Foreclosure: A legal procedure whereby the lender obtains ownership of the property following default by the borrower.


G

GE Canada: The other mortgage insurer in Canada that insures mortgages over 75% of the value of the home for lenders.
(CMHC is the other insurer).

Gross Debt Service Ratio (GDS): This is one of the calculations that lenders use to determine eligibility for a mortgage. It takes into account
the mortgage payment you want plus taxes and heat and divides it by your income. The maximum ratio you
are allowed is 32% by most lenders.

Guarantor: This is a person who goes on a loan or mortgage with you and guarantees that they will pay your debt for you
if you do not. They have to have good established credit, income and assets in order to qualify as a guarantor.

H


High-Ratio Mortgage: A mortgage that is for more than 75% of the value or purchase price of the home.

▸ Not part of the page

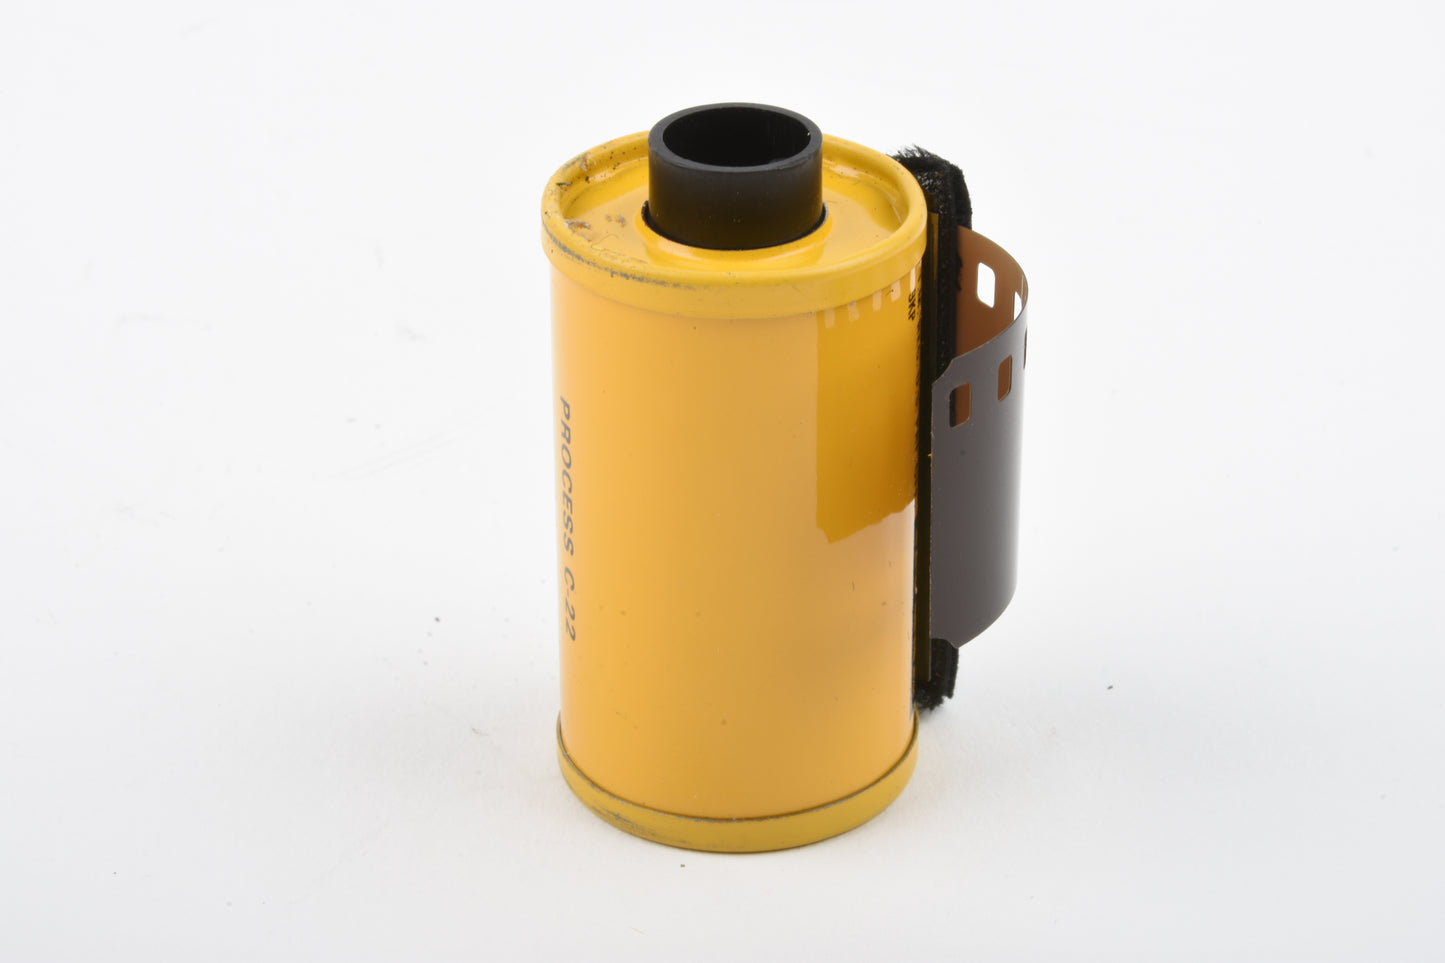 Kodak CX 135-20 C22 80ASA film in yellow metal canister

Home Equity Line of Credit: A line of credit that is secured against the house.


I


Interest Adjustment Date (IAD): The date on which the term of your mortgage starts. It is usually the first date of the month following the possession date.


M

Mortgage: Mortgage Insurance (optional): Insurance that gives you peace of mind so that if anything should happen to the mortgage holders, the mortgage will be paid off and your beneficiaries will not be left with the burden of keeping up your mortgage payments.


O


Open Mortgage A mortgage that can be paid out in full at anytime without penalty. Rates are normally higher on these types of mortgages.


P

P.I. (Principal and Interest): A payment that applies to the principle of the mortgage and the interest, but you have to pay your property taxes on your own.

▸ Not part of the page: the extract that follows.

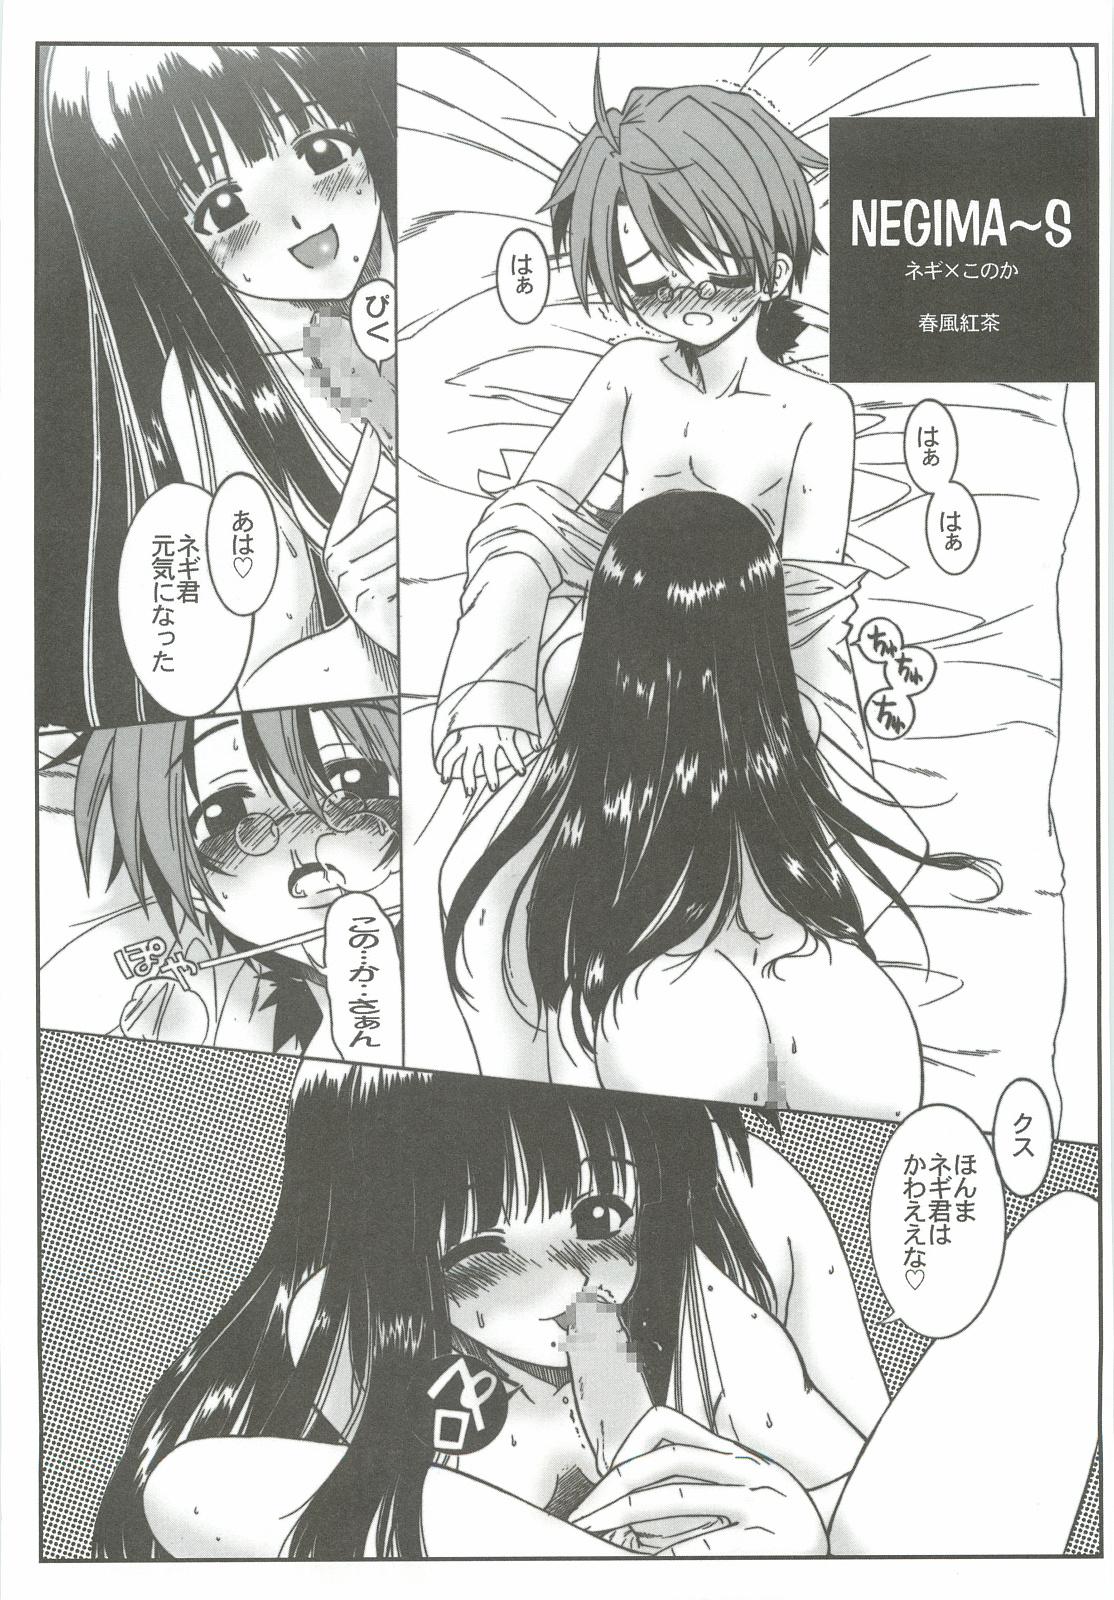 4some Zoku Nangoku Shuka - Mahou sensei negima Love hina Hot Women Having Sex - Page 8

P.I.T (Principal, Interest and Taxes) : A paymnet that applies to the principle of the mortgage, the interest on the mortgage and also pays monthly the property taxes.

Pre-Approved Mortgage: A no obligation mortgage that allows you to search the market place in confort knowing what mortgage amount you qualify for. It also locks in the rate for 90 to 120 days which also gives you the peace of mind that if rates go up in the time it takes to find your new home, you will still be ensured a low rate.

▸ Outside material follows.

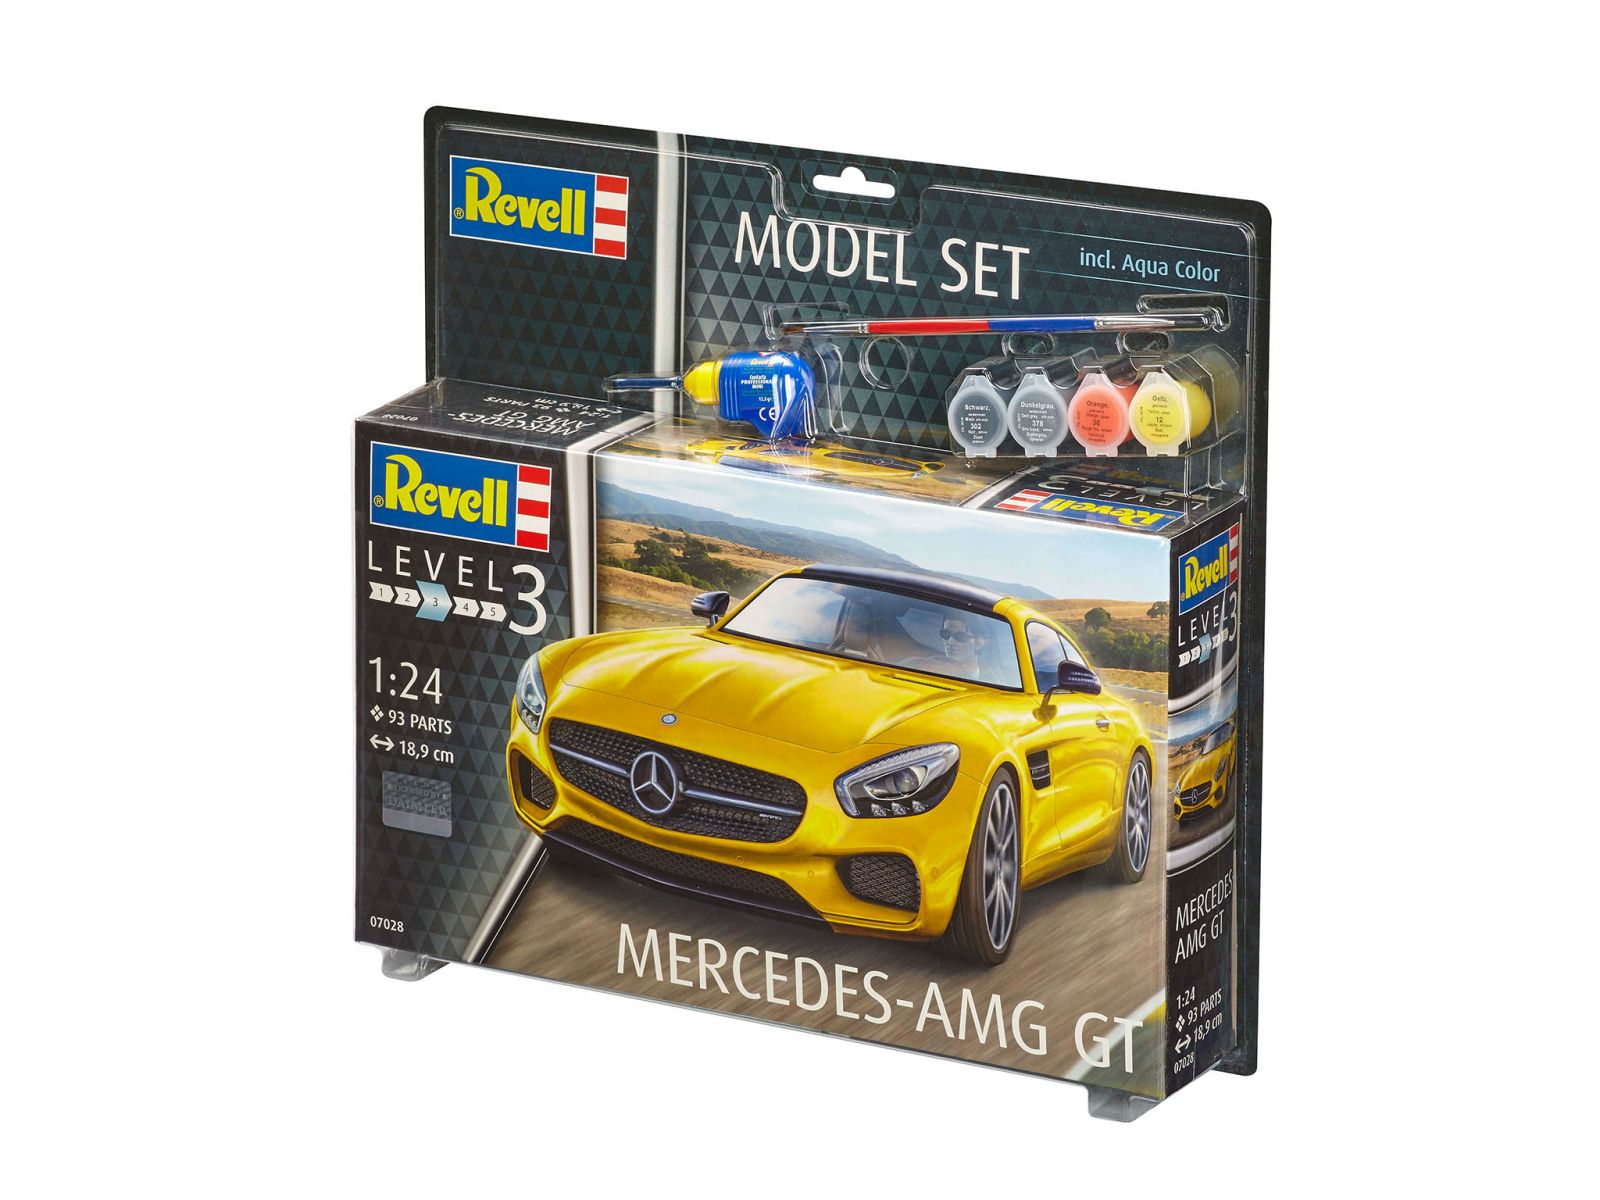 Revell 67028 - Model Set Mercedes-AMG GT

Pre-Payment Penalty: A fee charged to the mortgage holder if the mortgage is paid in full or above the amount allowed within the closed term of the mortgage.

Prime Rate of Canada: The rate that is set by the Bank of Canada in which lenders base their prime mortgage lending rate on The original amount of the loan.

R


Renewal: A mortgage is up for renewal when the term is up. At this time you can pre-pay the mortgage in part or in full without any penalty. You can also renew with the current lender or change lenders in order to obtain the lowest rate possible.

S

Second Mortgage: A mortgage registered against the property in second place. This means that the lender who is registered first, has first claim if the house goes into foreclosure and the lender in second place will only receive what is left. Because of the higher risk, second mortgages have higher interest rates and higher fees.

T

Term: The period of time the financing agreement covers. Terms are available for as short as 6 months and as long as 18 years. The rates depend on the term you choose. Traditionally, the majority of people chose a 5 year term.


Total Debt Service Ratio (TDS) : One of two caculations used by lenders to determine eligibility. It takes into account your monthly mortgage payment, property taxes, approximate heating costs and any other monthly obligations.


V

Variable Rate Mortgage: A mortgage that has an interest rate that fluctuates as the Prime Rate of Canada fluctuates.